Roanoke Times Copyright (c) 1995, Landmark Communications, Inc. DATE: SUNDAY, January 30, 1994 TAG: 9402030004 SECTION: HORIZON PAGE: B1 EDITION: METRO SOURCE: CURTIS WILKIE BOSTON GLOBE DATELINE: JACKSONVILLE, FLA. LENGTH: Long
All of that changed dramatically last fall when the cities were winners in a highly publicized search by the National Football League to find homes for two new franchises. Aside from anointing Jacksonville and Charlotte with ``big league'' status - the competition originally included such better-known cities as Baltimore, St. Louis, San Antonio and Sacramento, Calif. - the NFL's choices underlined the explosive growth in the Southeast.
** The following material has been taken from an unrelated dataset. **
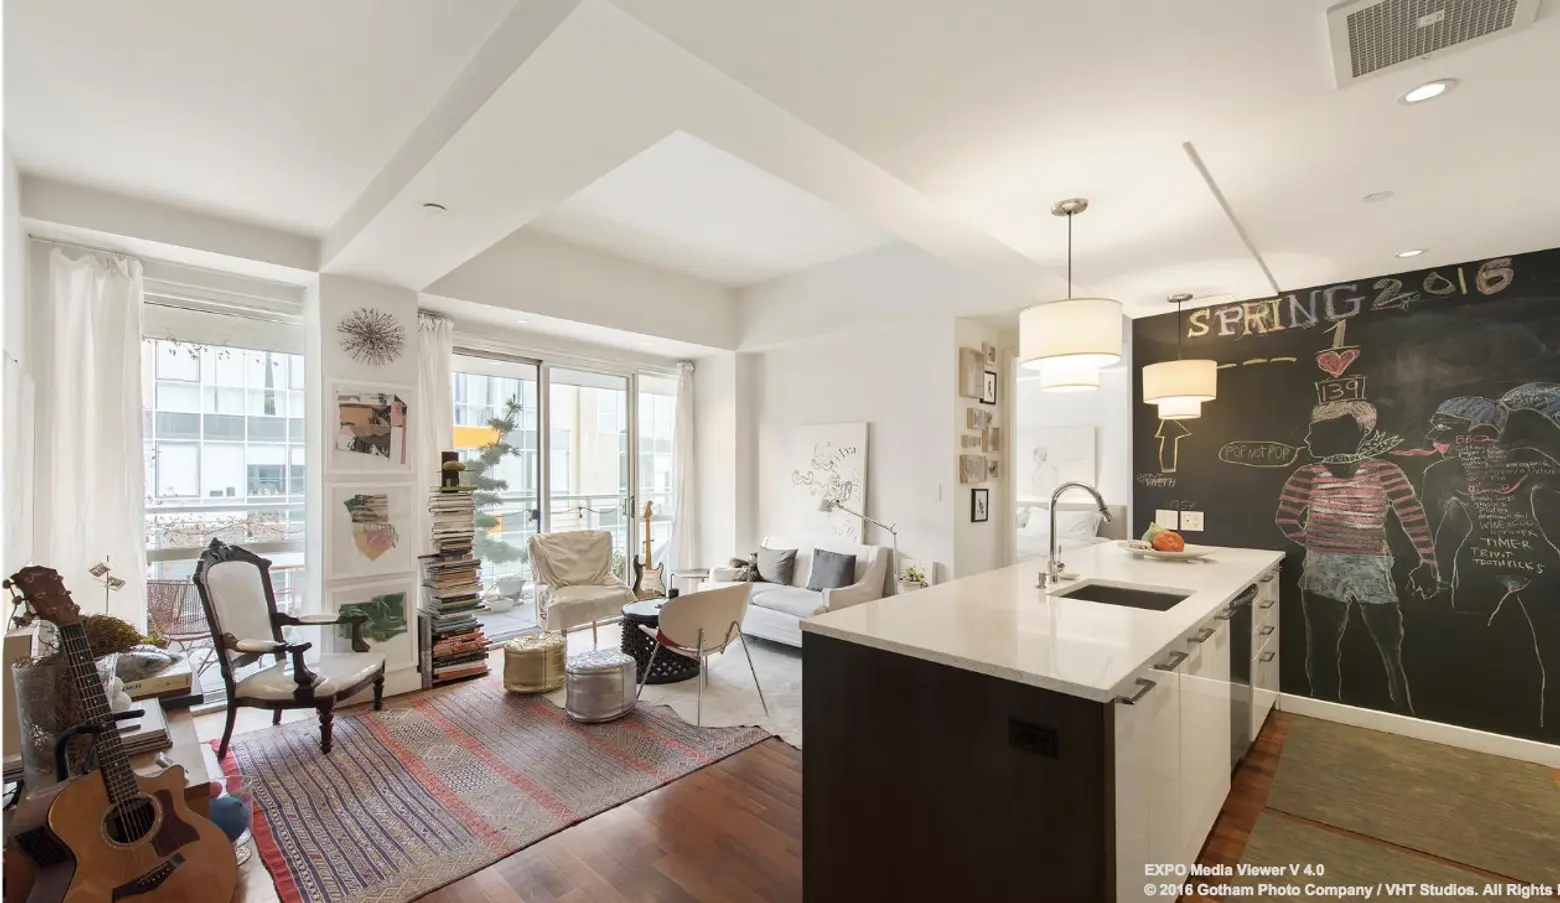 $1.4M Williamsburg Condo Comes With an Artist Studio and Private Rooftop Cabana

``The demographics drove that decision. This is the fastest-growing part of the country,'' says Jeffrey Rosensweig, a professor of economics and finance at Emory University in Atlanta.
Inside an arc that runs from Charlotte to Jacksonville, an area ravaged by Gen. William T. Sherman's Union army in the Civil War, there is a spirit of rejuvenation. Shores and islands along the coast of South Carolina and Georgia are being developed for tourism, and inland business is bustling, too.
Industry has been historically attracted to the South by its low wages and lack of strong unions, but newcomers to the Southeast appear to be drawn by a combination of other factors: investment potential, lower costs of living, available land, moderate climate, hospitality and a gentler pace that is tied to the intangible ``quality of life.''
An economic power shift is definitely taking place. While California suffers through a recession and natural disasters and other parts of the Sun Belt are static, the action is moving into an area that was once downtrodden.
Atlanta, which has long laid claim to being the capital of the South, is booming. It leads the nation in housing starts, and the Atlanta Regional Commission forecasts an annual growth rate of 2 percent for 30 years and the addition of another million residents.
Charlotte, now the nation's third-largest banking center, leads the country in jobs creation - more than 30,000 in three years - and has an enviable unemployment rate of about 4 percent. Its skyline, a nondescript hodgepodge a few years ago, now rises up on the North Carolina landscape as magically as the temples of Oz.
Along the Interstate 85 corridor in South Carolina between Charlotte and Atlanta, new industries are growing as rapidly as kudzu. BMW recently decided to build a major plant near Spartanburg, S.C., which will employ 2,000.
Since Florida ``is filling up like a big old sock,'' according to Preston Haskell, a prominent Jacksonville builder, wealth and population are moving up the coastline. Jacksonville now matches South Florida in growth statistics, and the city is luring many companies.
``We're not looking for sweatshop-mentality employers,'' said Delores Kesler, a Jacksonville businesswoman who has been active in the city's development. American Express and Merrill Lynch, among other white-collar companies, have established large regional offices in Jacksonville.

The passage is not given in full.